Andrew McDonald administra uma rede que movimenta milhões de usuários todos os dias, mas agora ele está recalibrando sua bússola. O executivo canadense é o propulsor da transformação operacional da Uber, empresa que não se vê mais como um programa para conectar passageiros e motoristas, mas como um dispositivo multifuncional integrado ao cotidiano das cidades.
Formado em comércio pela Ivey Business School da Western University, MacDonald ingressou na Uber em 2012 como o primeiro gerente geral da empresa em Toronto. Ele liderou o negócio de mobilidade em mais de 70 países. E hoje, como presidente e diretor de operações, lidera todas as iniciativas de negócios da empresa em mobilidade e entrega, bem como esforços multiplataforma, como publicidade, suporte ao usuário e a estratégia de veículos autônomos da empresa.
A sua relação com a região não é nova nem distante.

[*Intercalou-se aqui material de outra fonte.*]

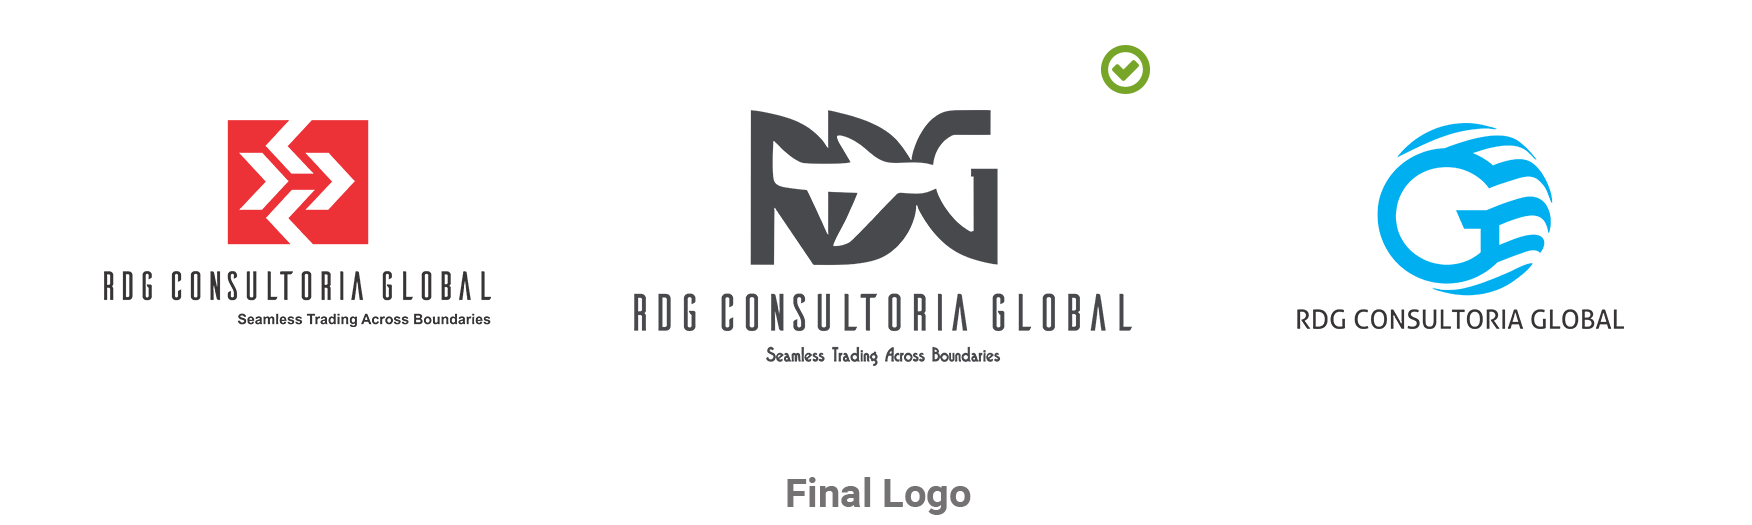 RDG Logo Design Concepts

Macdonald conhece em primeira mão o potencial da cena local; visitou a Argentina pouco antes do início da epidemiano processo de consolidação da marca, o que lhe deu perspectiva sobre a evolução do negócio, barreiras regulatórias e alcance ao consumidor local.
Além disso, após participar do Argentina Week Forum organizado pelo JP Morgan nos EUA, o executivo voltou com um diagnóstico otimista ligando o alinhamento geopolítico de Washington e Buenos Aires às reformas estruturais da economia. Mantendo o ambiente de negócios que percebe em Wall Street, MacDonald enfatiza as pontes construídas pelos governos e a harmonia. não hesita em apontar o processo de desregulamentação local como um estudo de caso exportável para os restantes 74 países onde a corporação opera.
Em diálogo com a NAÇÃO e de seus escritórios no World Trade Center, área de Wall Street em Nova York, Andrew McDonald analisa a visão de longo prazo da empresa, a ascensão da inteligência artificial e o caminho para um futuro autônomo e multimodal.
– Qual é a visão de longo prazo da empresa? Como você vê o Uber daqui a 10 anos?
– Estamos falando da possibilidade de ir a qualquer lugar e conseguir algo pela plataforma. essa continua sendo nossa visão. Queremos ser a forma como as pessoas andam pela cidade. queremos ser a maneira como eles conseguem o que precisam em sua cidade. Queremos dar acesso a todo o comércio local. e queremos cada vez mais proporcionar acesso a todos os veículos. Envolve viagens. Temos mais de 100 milhões de usuários viajando de ou para o aeroporto. Todos os anos, mais de 1,5 bilhão de viagens são feitas em nossa plataforma fora das cidades de origem dos usuários, e mais de 15% do nosso negócio vem de aeroportos. E surpreendentemente, as pessoas querem mais opções no aplicativo Uber. Não só desenvolvemos um grande negócio de supermercados a partir do crescimento do nosso serviço de entrega de alimentos, como também estamos cada vez mais a migrar para o comércio retalhista e local. Se alguém quiser algo de uma loja, depósito, praça de alimentação ou qualquer outro lugar e quiser que seja entregue em sua porta em 20 minutos, devemos conseguir entregar até ele. Por sua vez, Estamos nos tornando uma empresa focada em membrosparticularmente entre os usuários do Uber One. Um ótimo exemplo é a oferta atrativa que apresentamos para uma oferta hoteleira. 20% de desconto no preço de tabela mais 10% de volta em Uber Cash. Vemos que 80% das pessoas que reservam hotéis em nossa plataforma são membros do Uber One. E isto é um bom sinal para os nossos esforços futuros no domínio do turismo.
– Como você vê os negócios na Argentina?
-O Uber teve uma adoção muito boa na Argentina. Nosso negócio se desenvolveu excepcionalmente bem. Aprendemos a operar de forma eficaz e a trabalhar com todos os níveis de governo, não apenas em Buenos Aires, mas em todo o país. Hoje sentimos um grande apoio tanto dos consumidores como das empresas. Acabamos de relançar o Uber Eats e também anunciamos investimentos no país.
– Desde a abertura da economia, como você vê o ambiente de negócios e o interesse dos investidores hoje?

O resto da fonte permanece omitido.